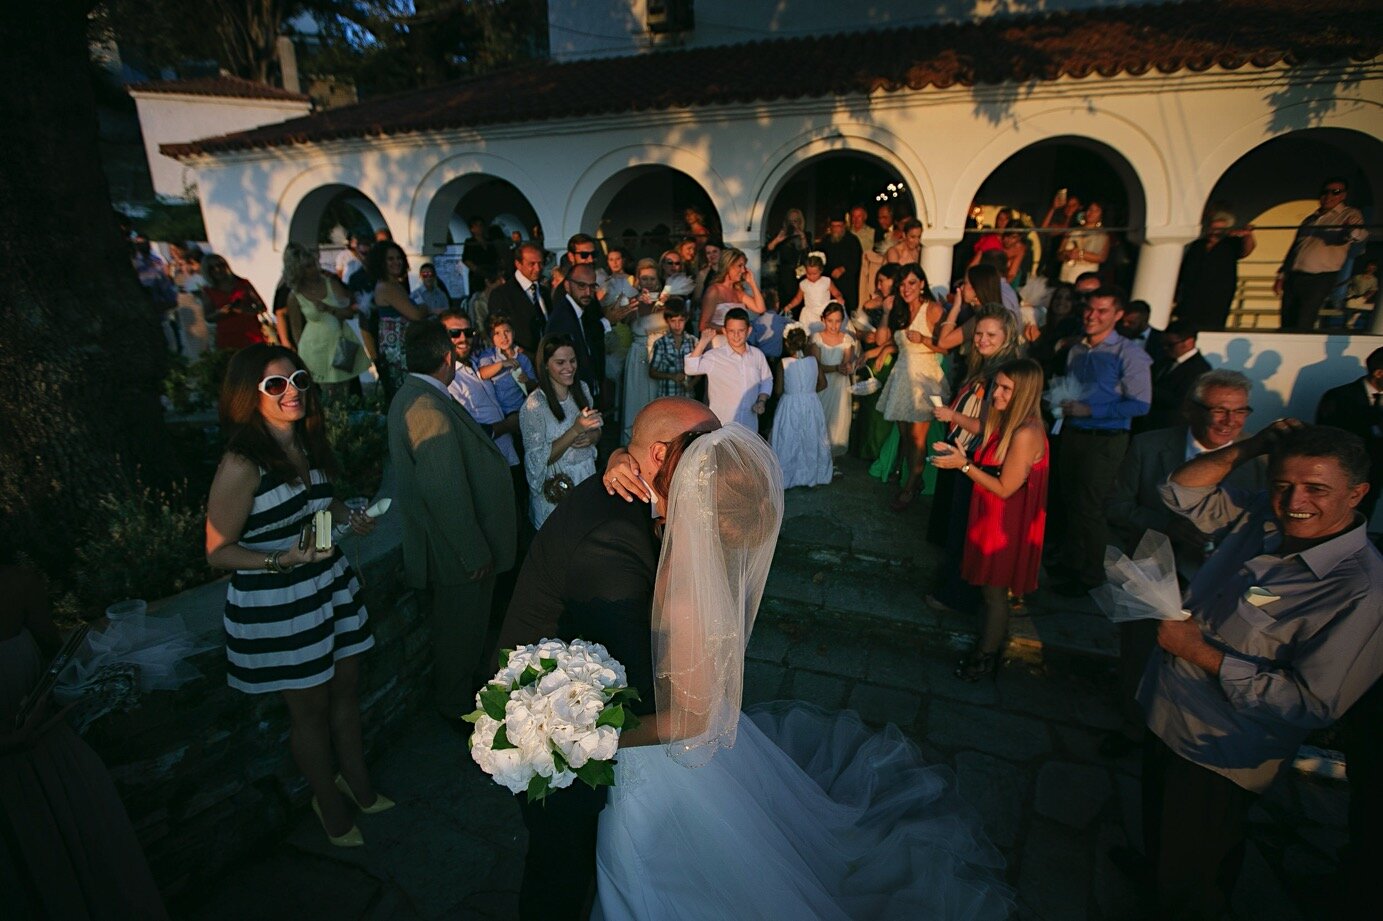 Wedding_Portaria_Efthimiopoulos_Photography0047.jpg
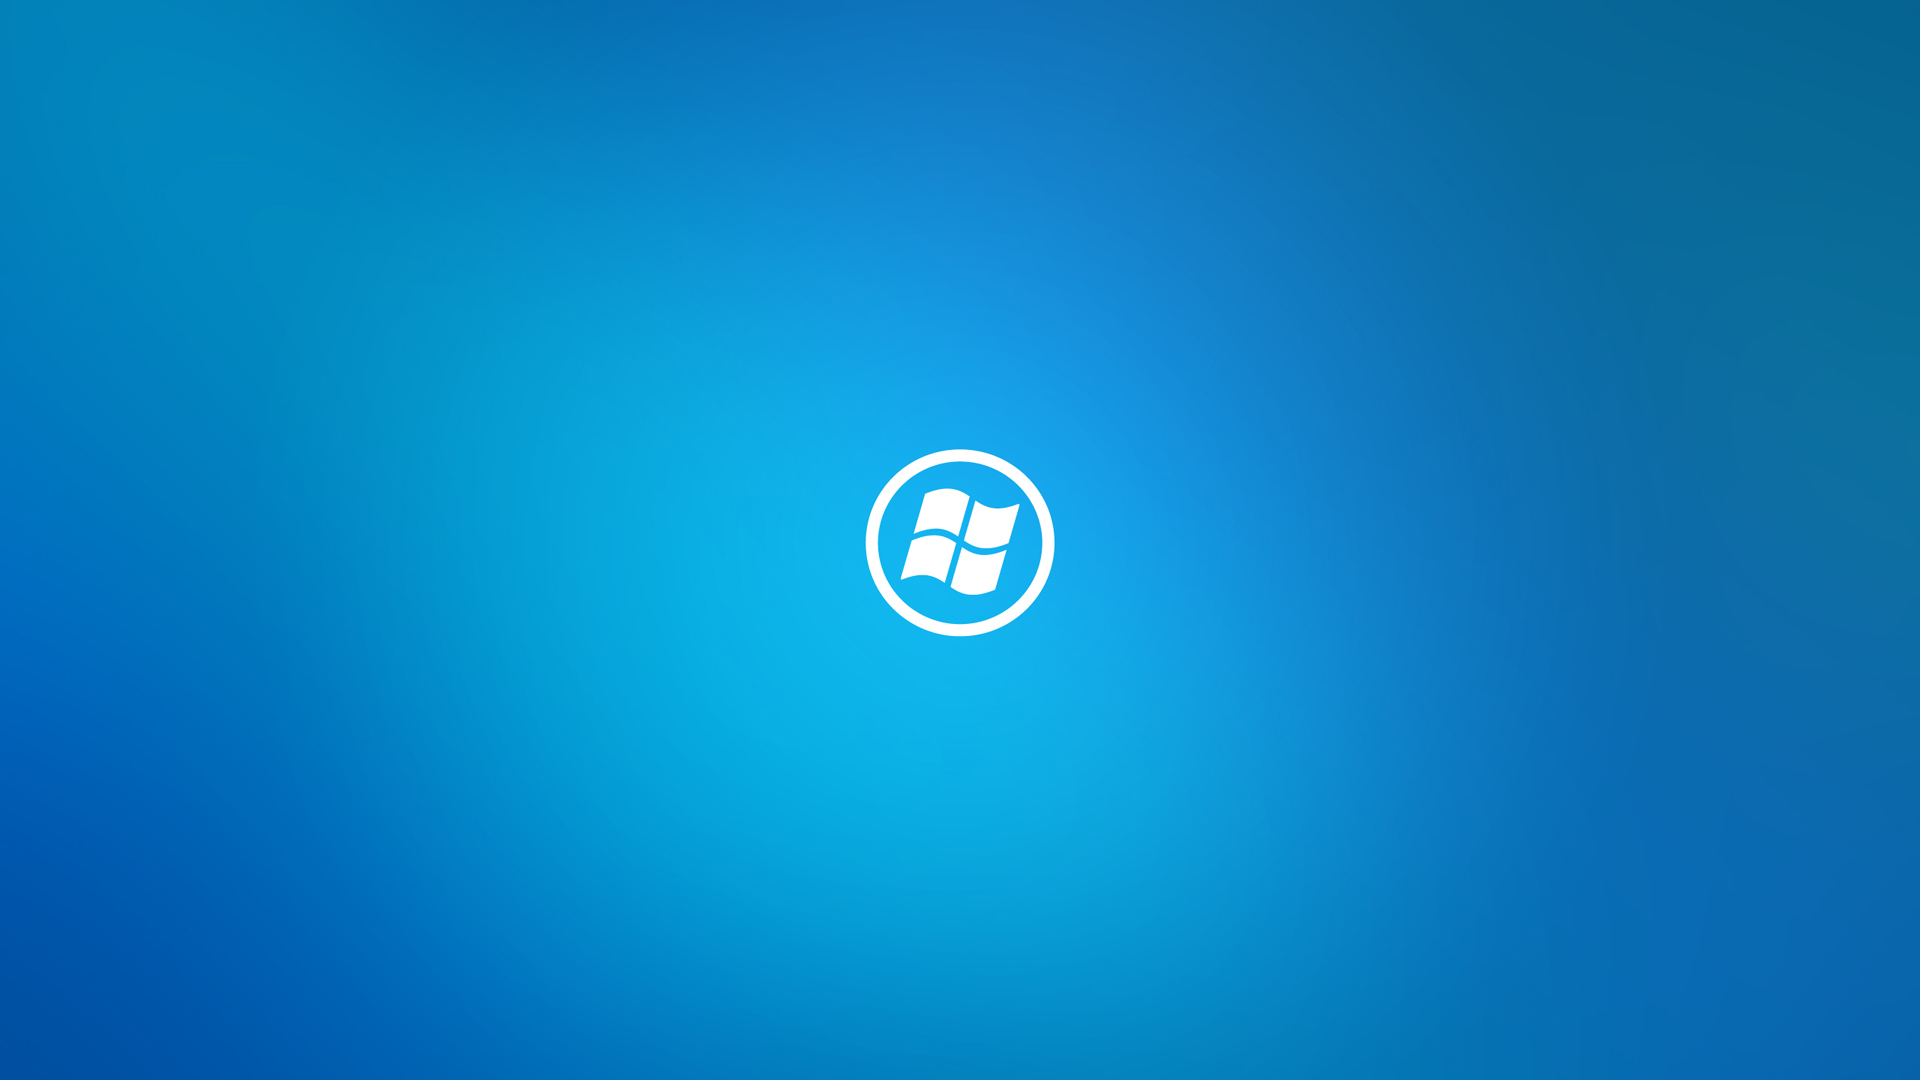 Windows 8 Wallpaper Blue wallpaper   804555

--

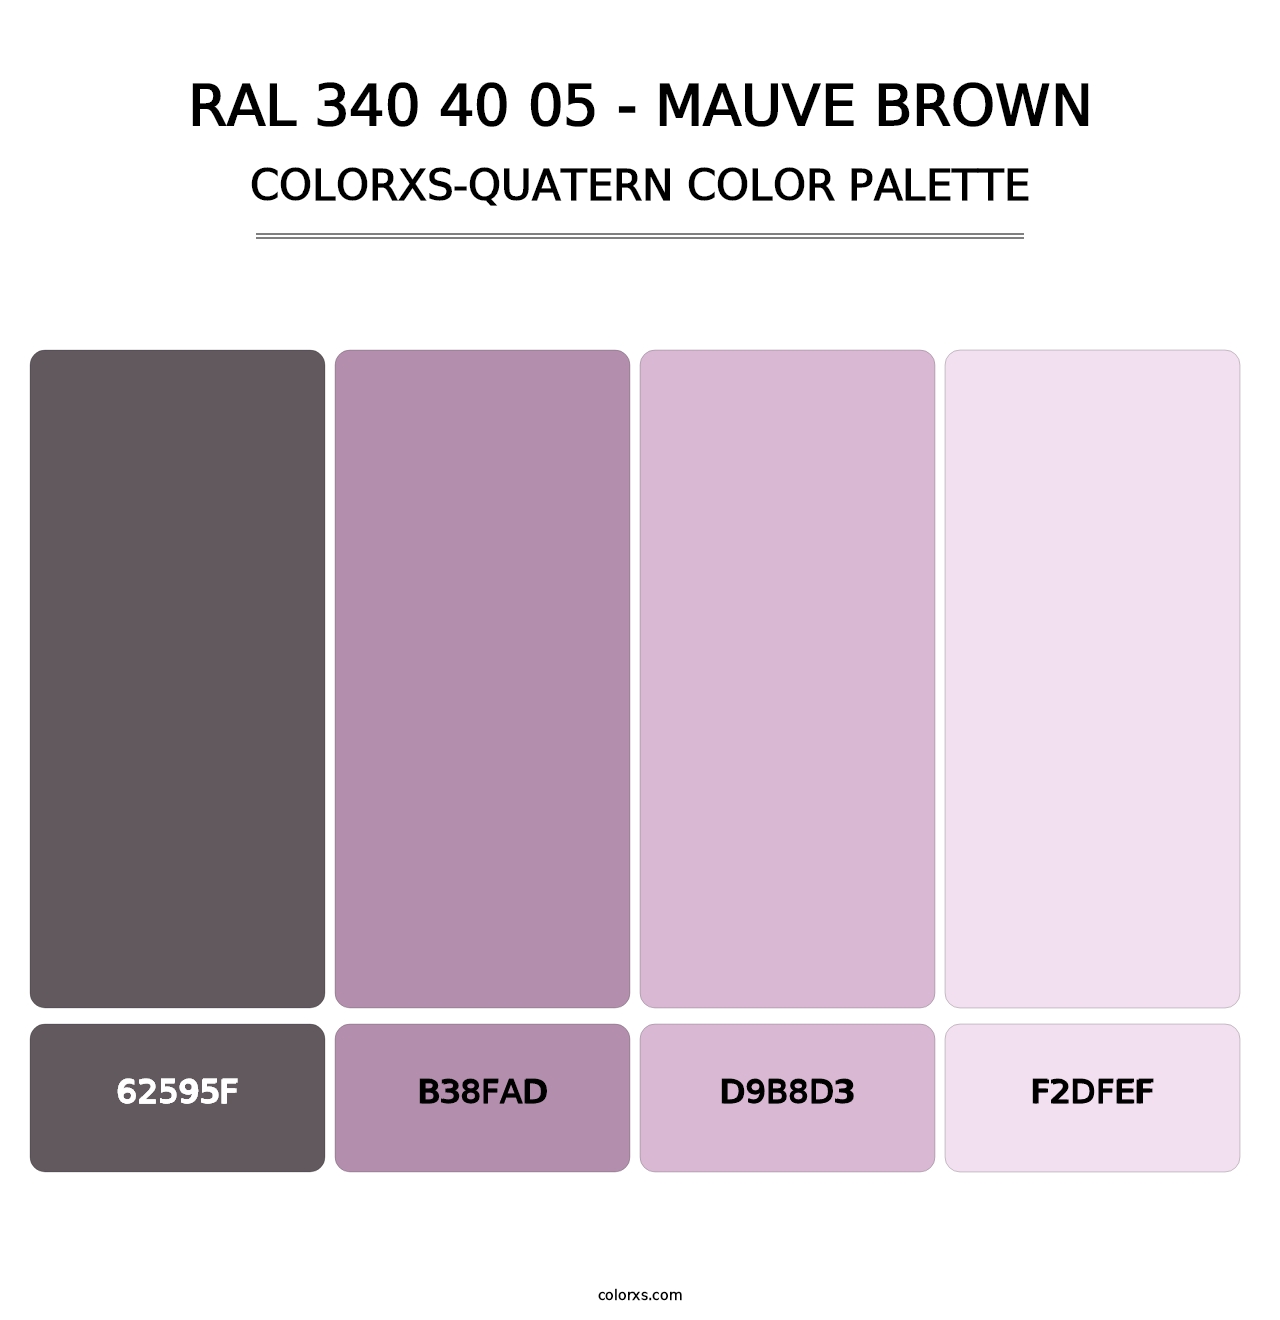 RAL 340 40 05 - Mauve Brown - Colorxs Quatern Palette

...

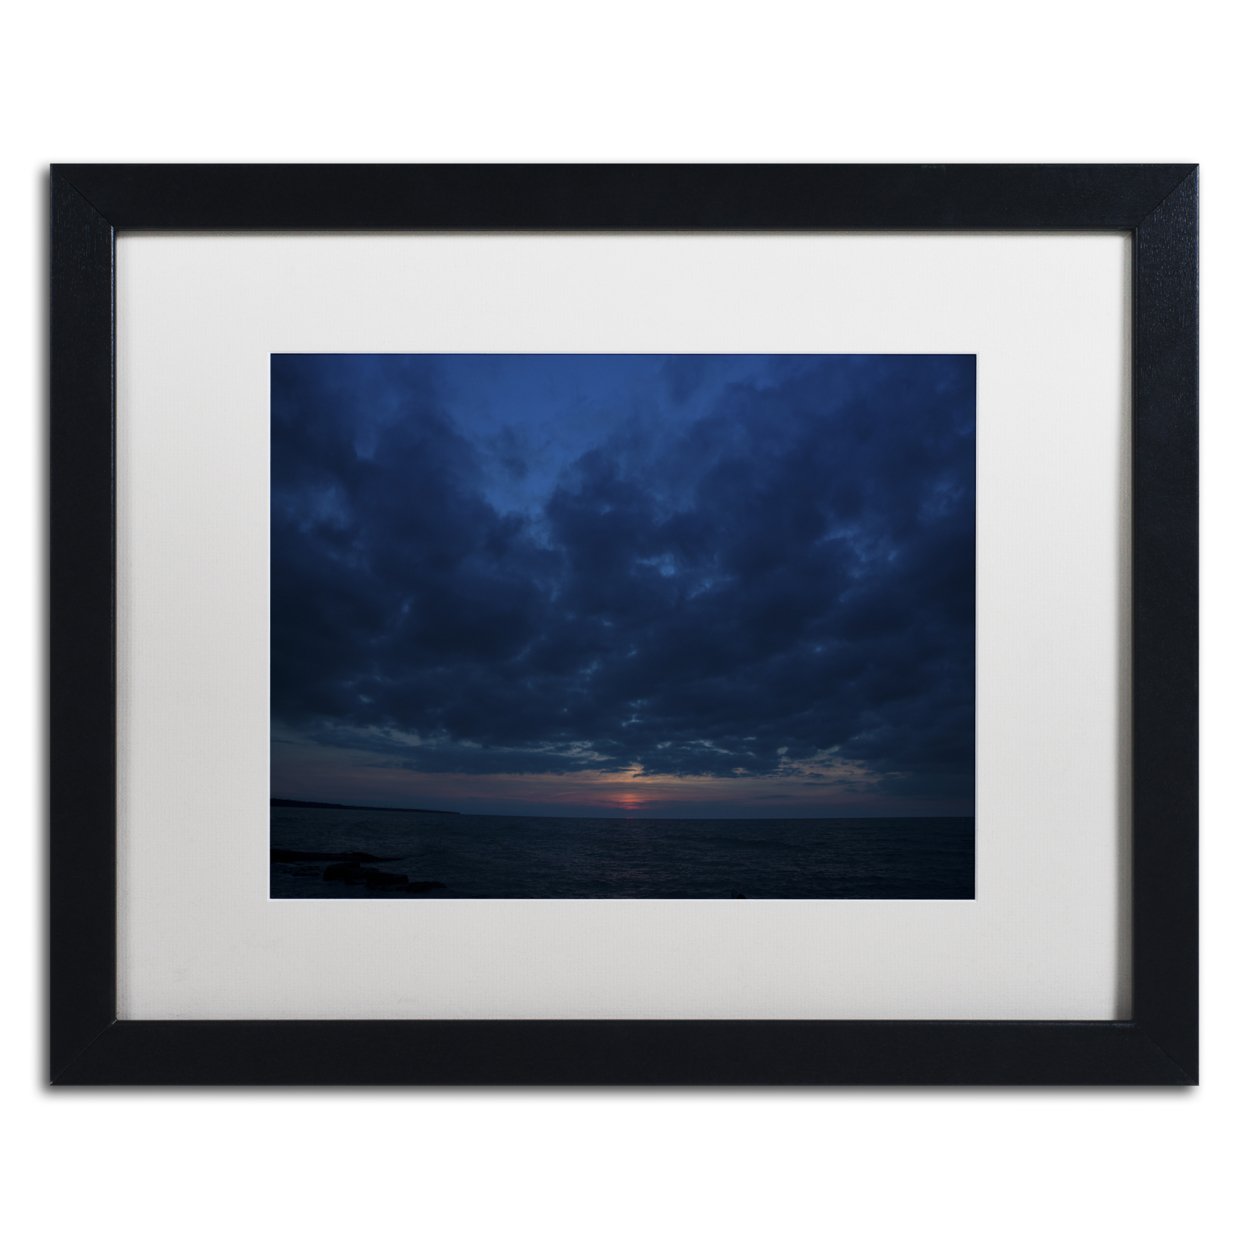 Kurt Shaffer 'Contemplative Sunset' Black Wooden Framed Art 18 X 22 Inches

What you are asked to do: Return, exactly as they stand, the lines above from the one with "Wedding_Portaria_Efthimiopoulos_Photography0047.jpg" to the one with "Windows 8 Wallpaper", omitting any pictures among them.

Exercise result:
 Wedding_Portaria_Efthimiopoulos_Photography0047.jpg
 Windows 8 Wallpaper Blue wallpaper   804555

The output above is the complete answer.